There wasn’t really a point to this post other than to show off a quirk I found in ChEMBL. This is useful to be aware of when automatically processing the database in bulk, e.g., for building a knowledge graph.

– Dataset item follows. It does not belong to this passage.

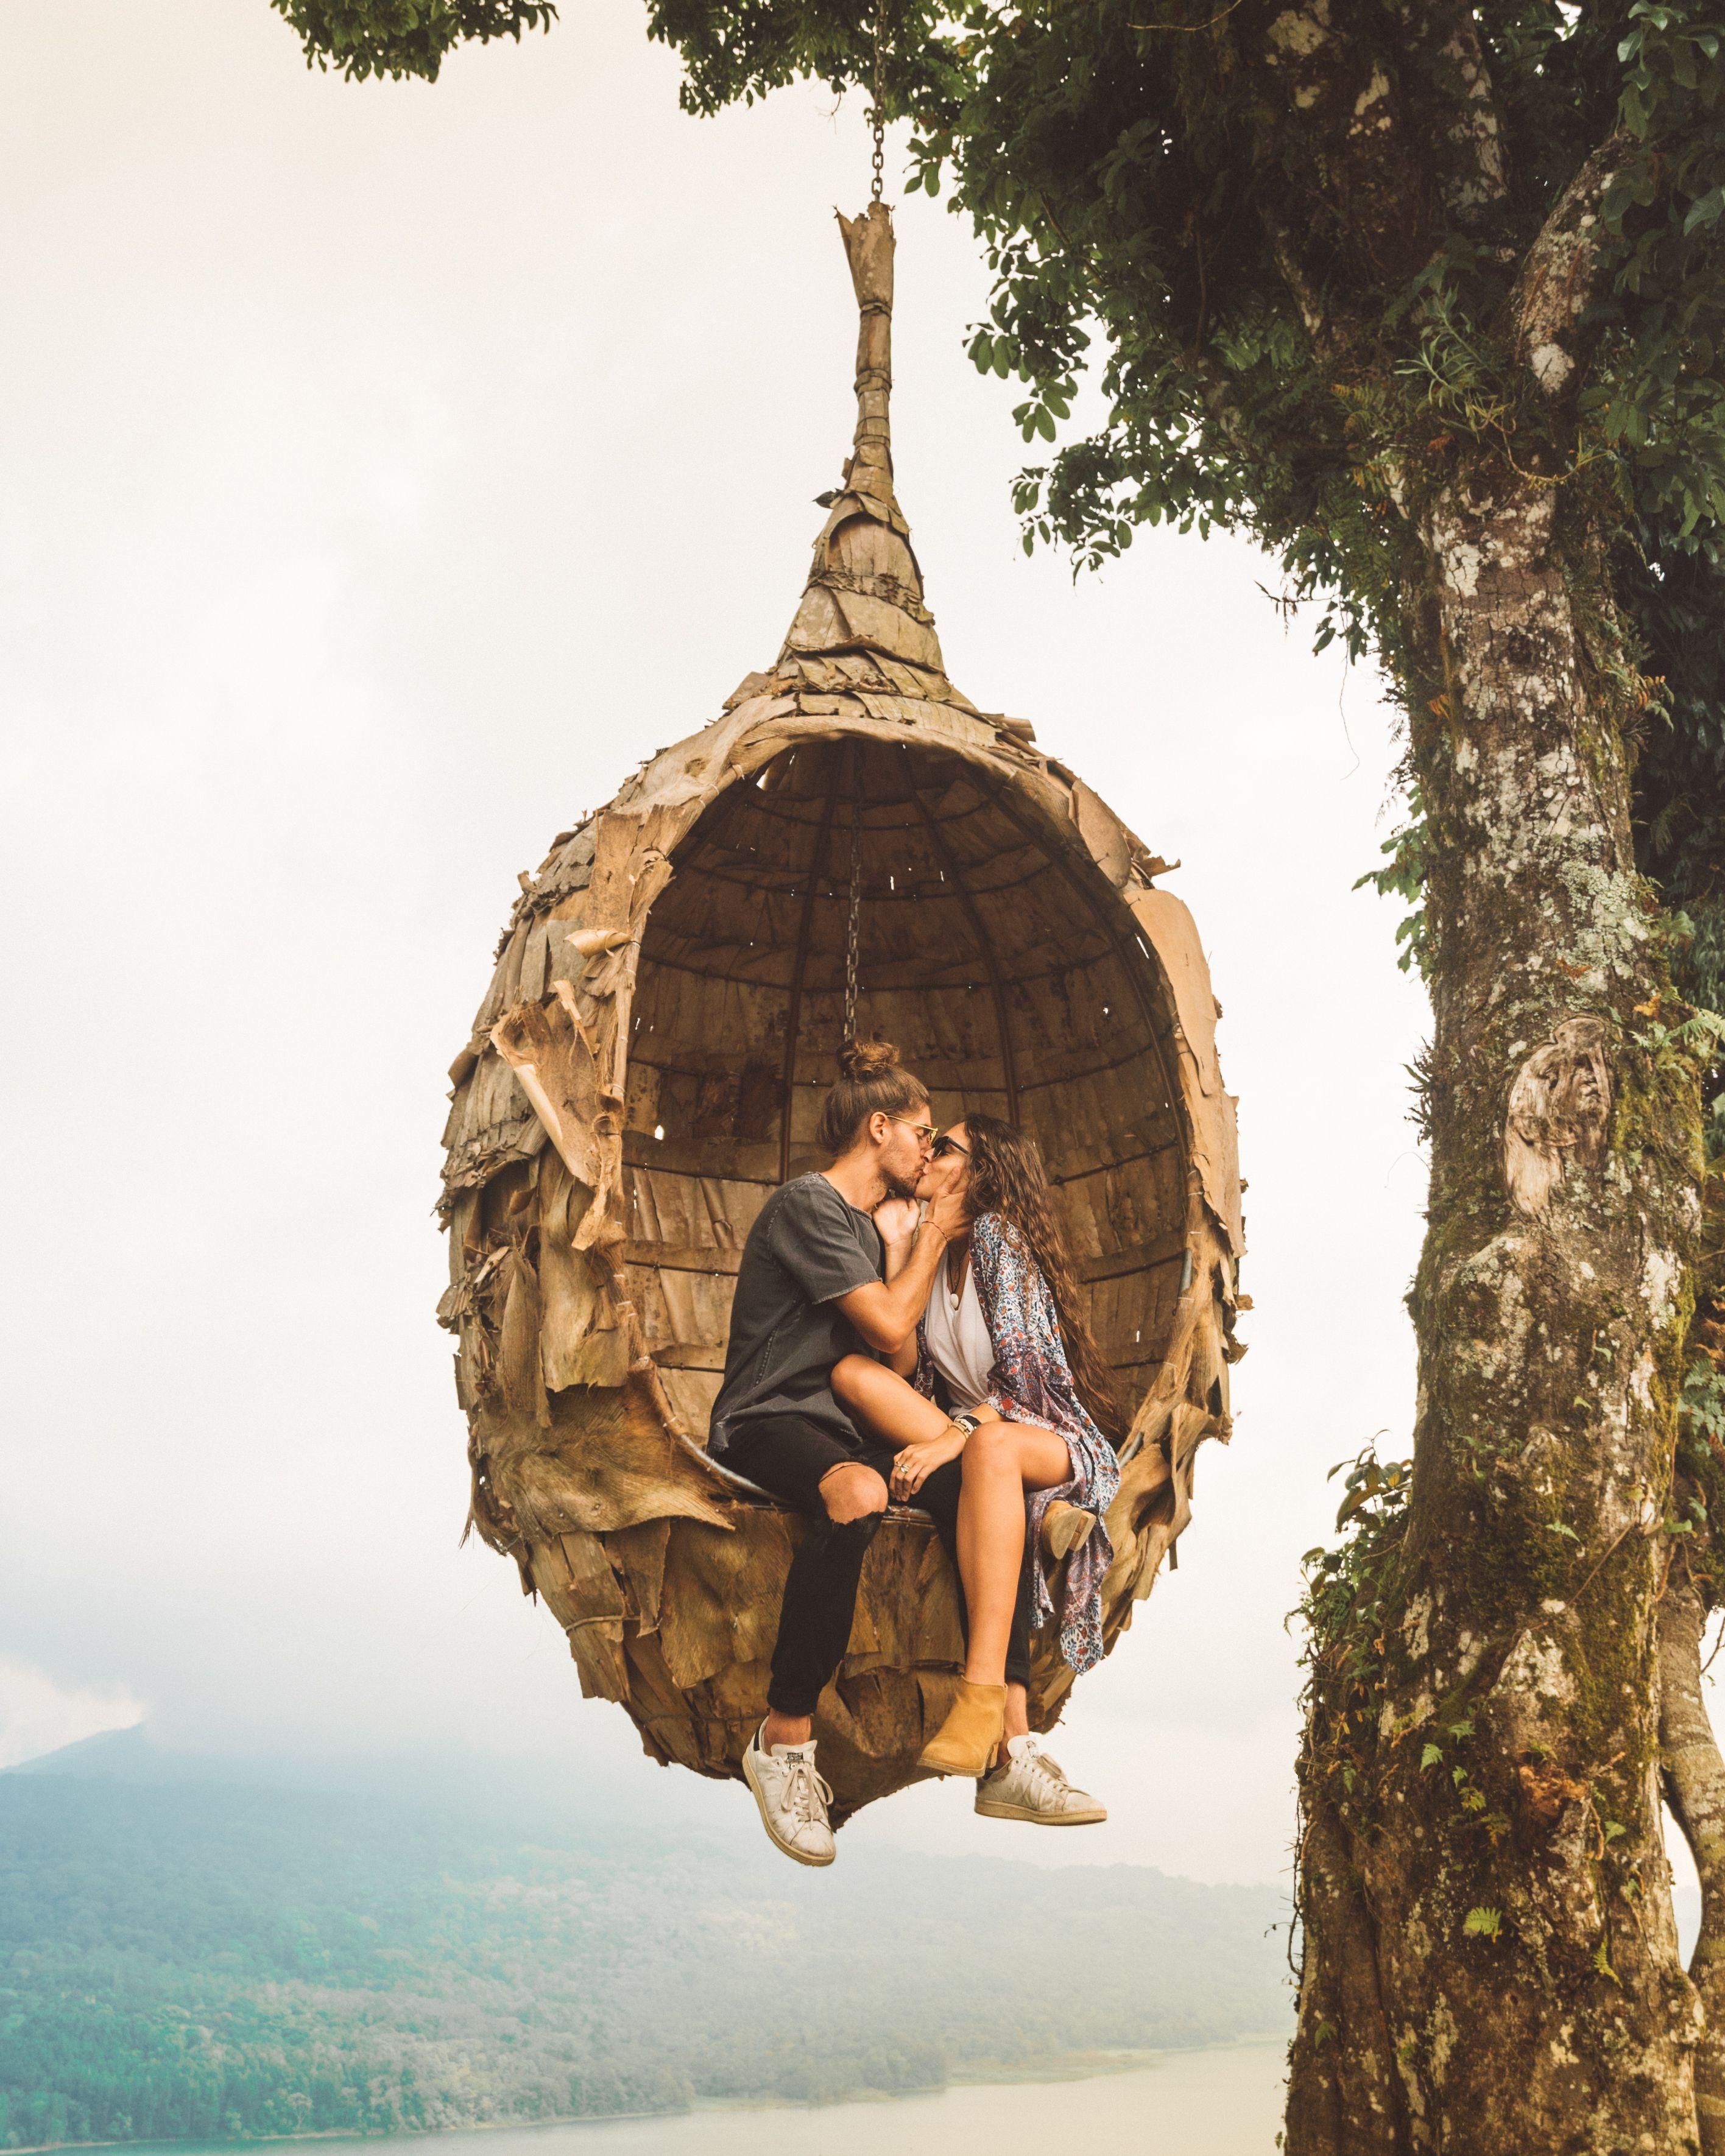 #kiss#kisses#bali#baliswing#explorebali#love#wonderfulplaces#travel#travelcouple#couple#topoftheworld#loveyou#iloveyou#boyfriend#girlfriend#gf#bf#couplegoals#couple#relationship#relationshipgoals#baliindonesia#happy#passionpassport#onewayticketrip#discoverearth#earthpix#asia

There are two other follow-up questions I would have about this table:

  1. Are there any EFO terms that are outside the disease hierarchy (i.e., not a child of EFO:0000408)?
  2. Why are there DOID terms? The combination of EFO and MONDO should cover everything. Answering this question actually isn’t so difficult given my recent work on assembling mappings with SeMRA, specifically for the disease landscape. I’ll try to come back to this in a future post.

If you made it this far: what did you think about my clickbait title?